This is 28-year-old female history of IV heroin abuse currently on Suboxone treatment who is coming in for 4 day history of progressively worsening right hand pain and swelling. States one week ago hit her hand on a stapler with minimal trauma. Several days later she then developed pain, swelling and redness over her fourth knuckle on her right hand. The pain has been progressively worsening unresponsive to Tylenol and Motrin. She is now unable to fully extend her fourth finger due to pain. Denies any fevers, chills, nausea, vomit, diarrhea. Her history is significant for similar infection to her left hand requiring incision and drainage approximately 6 months ago. She is right-handed. Smokes daily.
There is significant swelling and erythema over the right fourth digit from the metacarpal joint to the PIP. Appears "sausage-like ". The right fourth finger is held in slight flexion. Patient is unable to extend the finger fully. With passive extension of the finger patient has significant pain. Significant tenderness over the entire fourth digit. Sensation intact to light touch.

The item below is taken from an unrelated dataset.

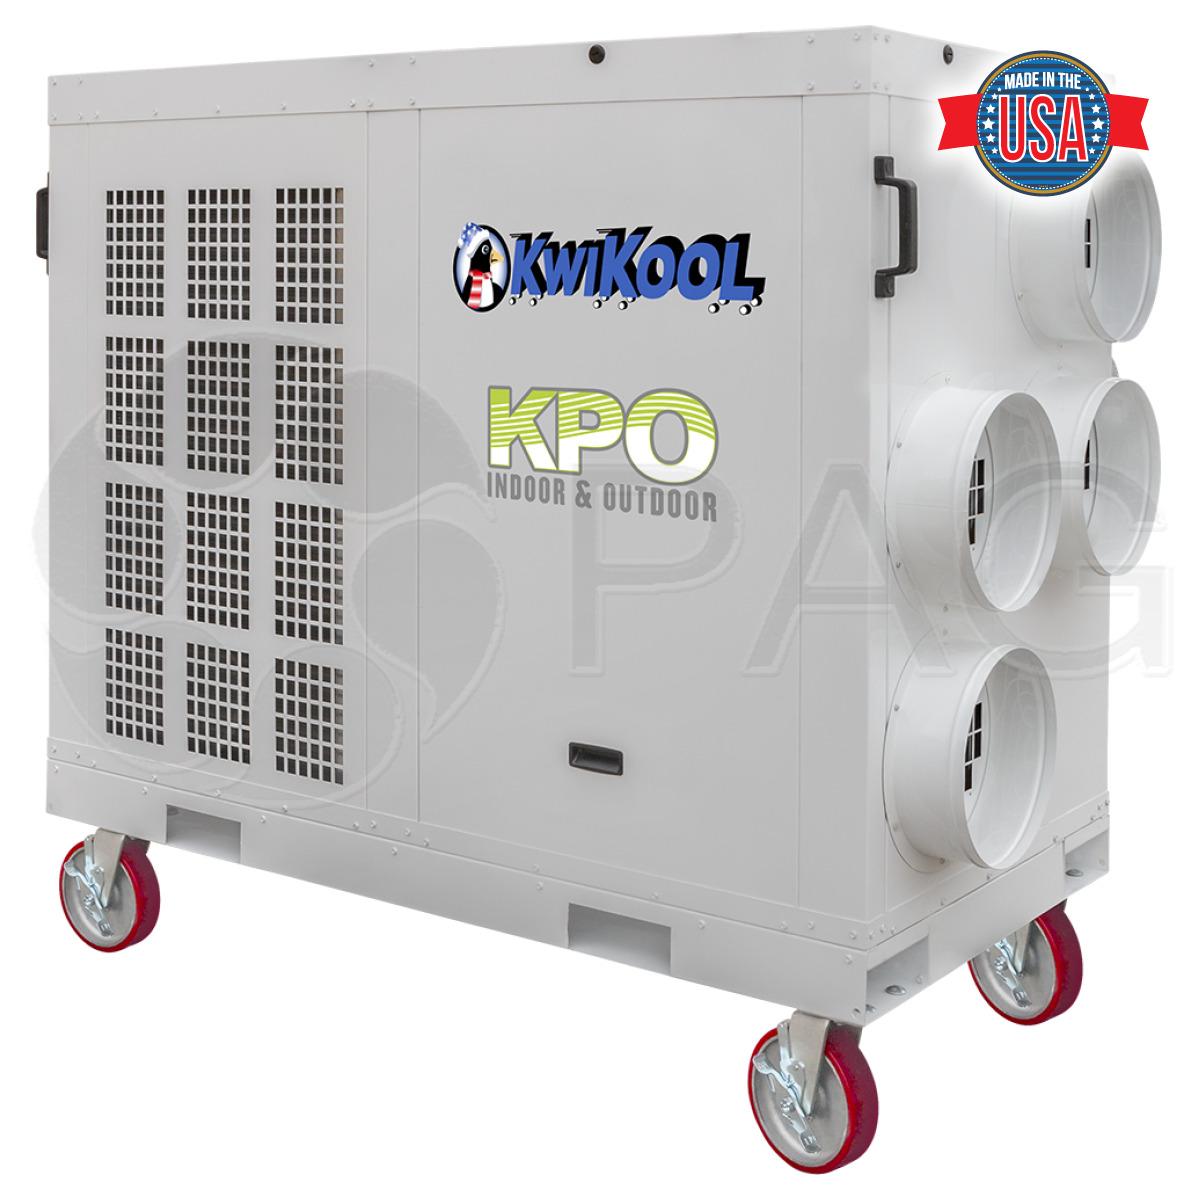 KwiKool KPO12-43 indoor/outdoor portable air conditioner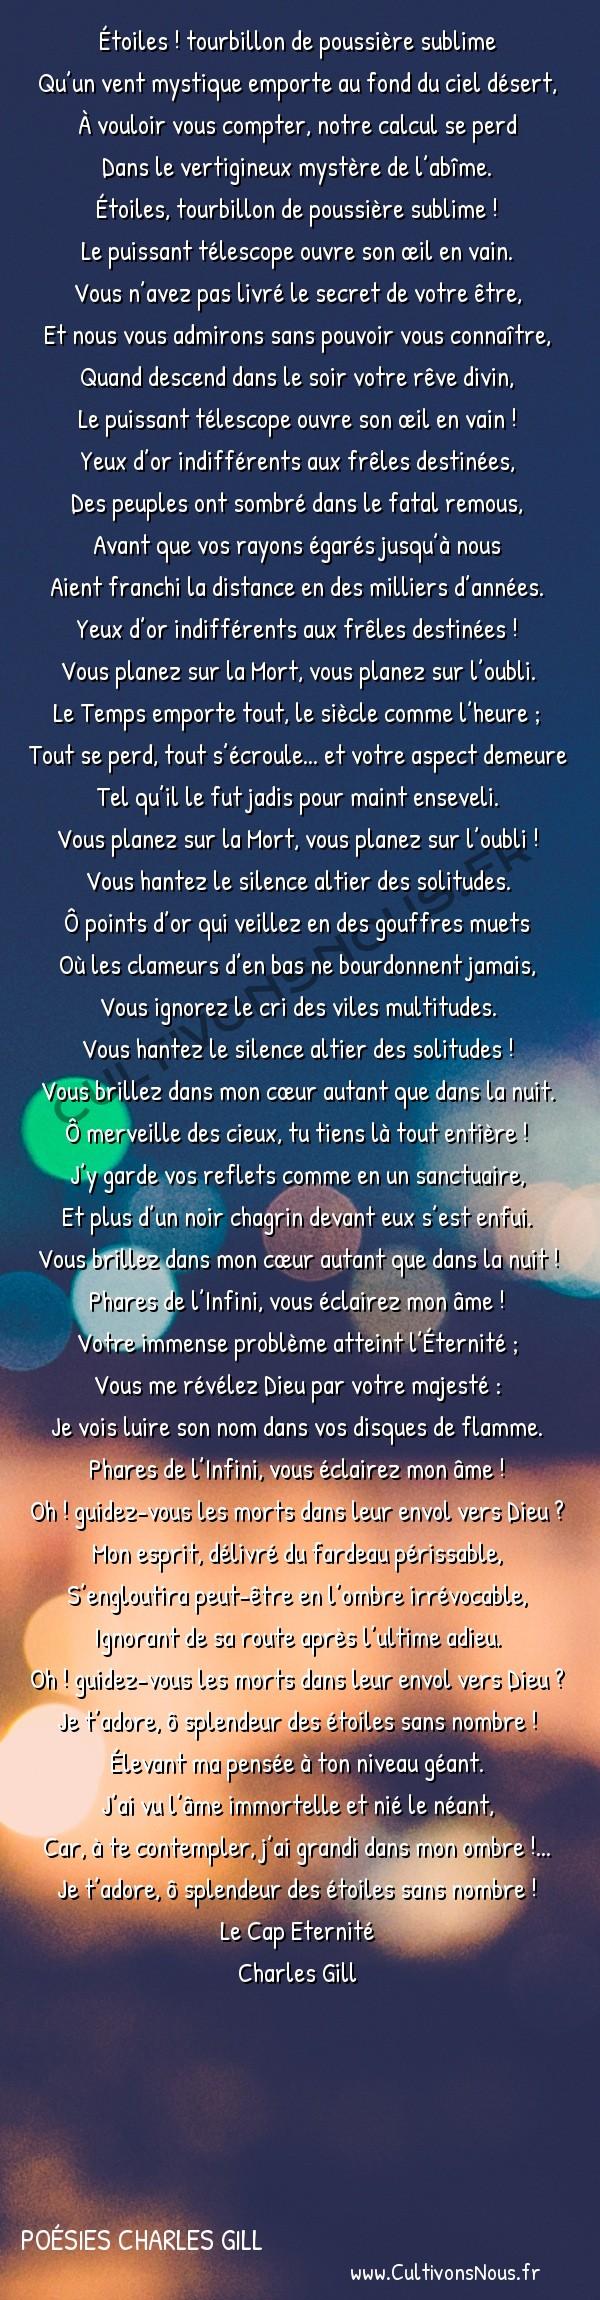 Poésies Charles Gill - Le Cap Éternité - Stances aux étoiles -  Étoiles ! tourbillon de poussière sublime Qu'un vent mystique emporte au fond du ciel désert,

There is no evidence of fracture dislocation. Soft tissue swelling noted over the fourth finger
White blood cell count 9.7, sedimentation rate 10, C-reactive protein 2.6
Presentation consistent with tenosynovitis. She was given IV antibiotics, evaluated by orthopedics at bedside. Taken to OR for I&D.
Tenosynovitis is an inflammation of a tendon and it is synovial sheath. It most frequently occurs in the hands and wrists however can occur in any joint. Tendon sheaths have 2 surfaces, a visceral layer (inner) and a parietal layer (outer). When fluid and inflammatory markers accumulate between these two layers and their potential space, this is referred to as tenosynovitis.
There are 3 mechanisms that accounts for most episodes of tenosynovitis:
1. Trauma (puncture wound, laceration)
2. Contiguous spread from adjacent infected soft tissue
The most common pathogens are skin flora including Staphylococcus aureus and Streptococci. However, any organism can cause tenosynovitis.
Tenosynovitis is a clinical diagnosis. There are four classic clinical findings as described by Kanavel: Tenderness over the entire flexor tendon sheath, symmetric finger swelling over the length of tendon sheath described as "sausage-digit", intense pain with passive extension, resting flexed posture of digit to minimize pain. Often radiographs are obtained to rule out fracture or bony involvement. Often these are normal. No lab tests are sensitive or specific to tenosynovitis.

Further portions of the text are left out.